3) As mentioned above - Face Recognition Module is a separate product that needs to be purchased separately.
PPFs (pixels per foot, a parameter that defines the maximum distance for detection) are 10 for humans, and 5 for cars. Note that in general these parameters are also a function of other conditions such as camera quality (contrast, SNR..), illumination, etc. So they are to be treated as statistically valid references.
In short – Scylla False Alarm Filtering is a subsidiary module of Scylla Intrusion Detection. Both solutions have the same goal – detection of intrusion into defined zones. Both solutions are based essentially on the same AI models and logic. However, Scylla False Alarm Filtering depends on preliminary embedded analytics of camera/VMS motion detection modules. What happens there is: 1) the camera/VMS detects a motion in a predefined zone, 2) the camera sends a chunk of a video (preferably) or an image to Scylla False Alarm Filtering for analysis 3) Scylla False Alarm Filtering checks if the movement is caused by a person or vehicle, 4) in case the movement is verified a corresponding alert is formed and sent to end-user.
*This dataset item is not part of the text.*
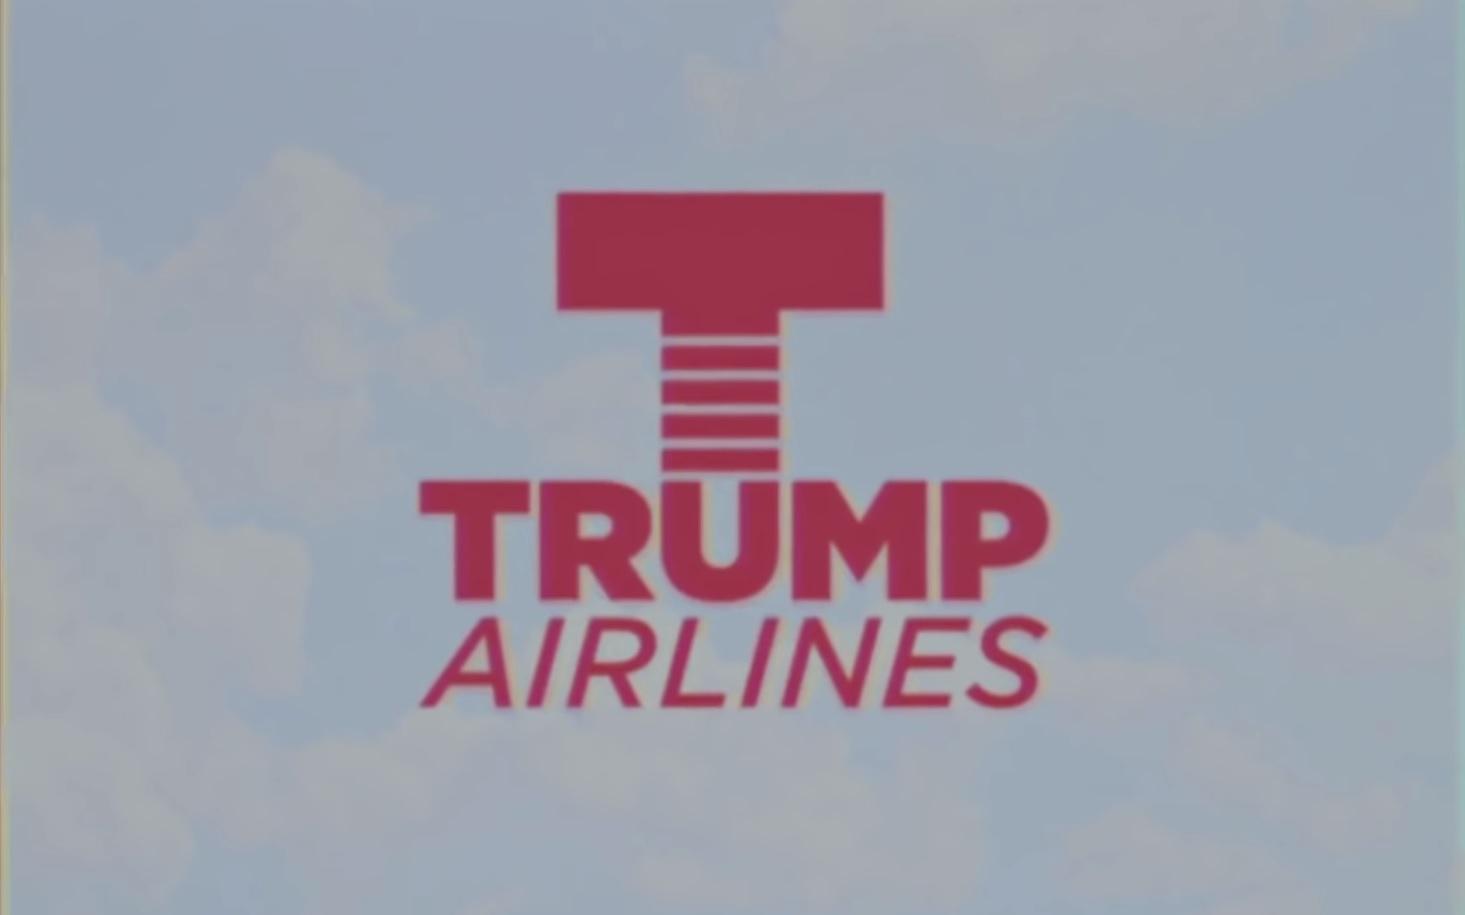 """Conan, Trump'ın Tweet'ini Tiye Almak İçin Sahte Bir """"Trump Airlines"""" Reklamı Yayımladı"""

In contrast, Scylla Perimeter Intrusion Detection system takes care of the whole sequence including steps 1) and 2).
Scylla False Alarm Filtering is specifically designed for monitoring centers. It assumes that your setup is already equipped with units capable of motion detection and forwarding of video chunks. Basically, Scylla False Alarm Filtering should be implemented in cases you have a network of intrusion monitoring security cameras and you want to reduce the strain on watching agents from annoying false alerts.
Scylla Intrusion Detection should be used if your network/cameras are not equipped with comprehensive motion detection modules. It can also be advantageous if the embedded alerting module of the VMS/Camera results in deterioration of images.